Sea and island tourism a ‘gold mine’ that needs to be tapped fully

Sea and island tourism has long been a magnet, attracting over 70 percent of the total foreign tourists to Vietnam. However, the country has yet to fully tap its potential and advantages to develop this type of tourism in a better way.
Vietnam boasts a coastline of 3,260km, with nearly 400 beaches and over 3,000 islands (Photo:

Vietnam boasts a coastline of 3,260km, with nearly 400 beaches and over 3,000 islands (Photo:

Vietnam boasts a coastline of 3,260km, with nearly 400 beaches and over 3,000 islands, stretching from the North to the South. Many of them have gained international titles. For example, Ha Long Bay in the northern province of Quang Ninh is among the seven New Wonders of the World. My Khe Beach in the central city of Da Nang has been named among the 10 best beaches in Asia, as voted on by readers of renowned travel website TripAdvisor.

Meanwhile, US-based Time Magazine voted Phu Quoc as one of the top 100 most amazing islands in the world in 2021. In November 2022, surpassing six world-famous islands, Phu Quoc was honoured by the World Travel Awards as "The island with the world's top captivating natural beauty”.

Pham Hong Long, head of the Faculty of Tourism Studies of the University of Social Sciences and Humanities (Vietnam National University, Hanoi), said it is not by chance that Vietnam's Tourism Development Strategy to 2025, with a vision to 2030, orientates that sea and island tourism is one of the four main types of Vietnam's tourism.

Meanwhile, the Strategy for Sustainable Development of Vietnam's Sea-based Economy to 2030, with a vision to 2045, defines that tourism and marine services are the top priority in six breakthroughs of the marine economy by 2030. Therefore, it is a ‘gold mine’ of the green economy, said Long, stressing the need for more attention from the State to help it develop further.

However, by now, Vietnam has exploited only 20% of the beaches across the nation, mostly renowned ones such as Ha Long Bay, Sam Son, Cua Lo, Lang Co, Da Nang, Nha Trang, Mui Ne, and Phu Quoc.This makes these beaches overloaded in the peak season, leading to many consequences in terms of business culture, environmental degradation, conflicts over the use of marine resources, and price inflation.

In addition, human resources in the post-pandemic period are few in quantity and weak in skills.

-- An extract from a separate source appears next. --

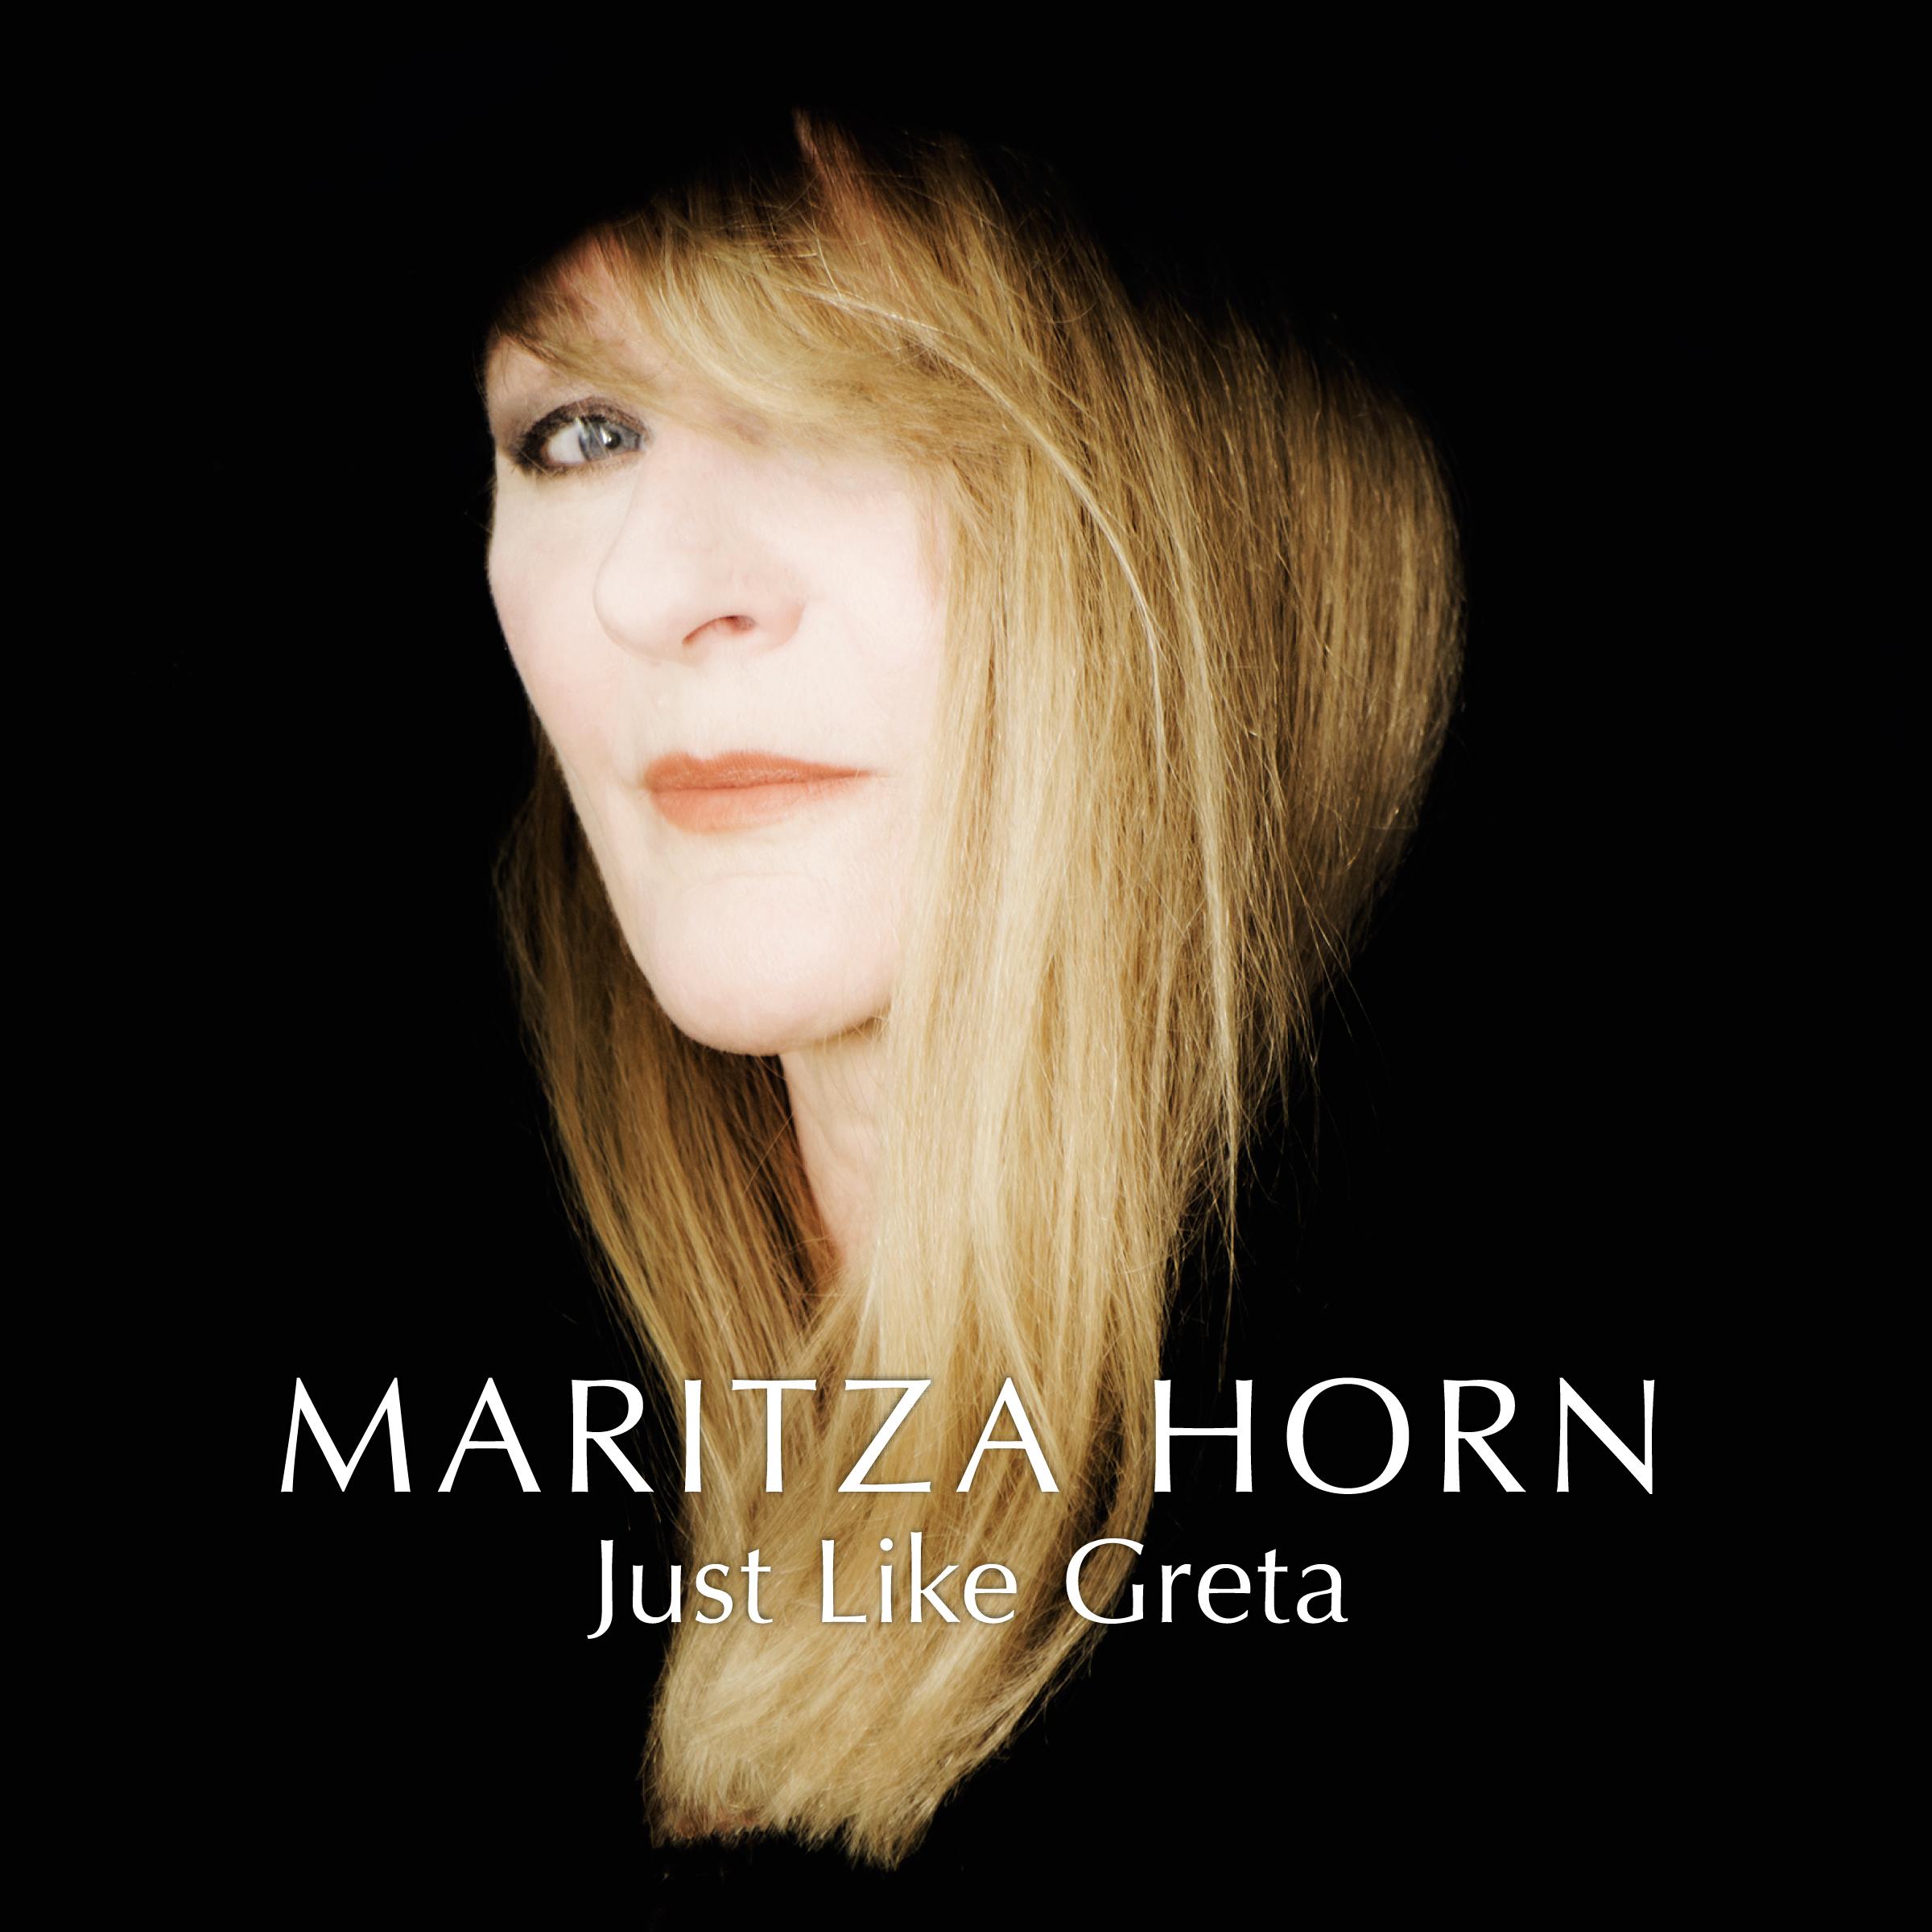 Maritza Horn Brusoknaster

In particular, Vietnam does not have high-class products that help increase revenue and boost sustainable development. Pham Ha, CEO and Founder of Lux Group - Asia’s leading luxury travel and tourism company, stated that current policies have not really created favourable conditions for investors to develop tourism services at sea and islands.

According to him, when investing in operating Emperor Cruise in Nha Trang, it took his company a lot of time and money to get 18 types of licenses from many different management agencies. Applying for licenses to invest in yachts in Phu Quoc is also facing similar difficulties, he added. Therefore, he stressed the need to have a strategy and plan to exploit sea and island tourism more harmoniously and sustainably.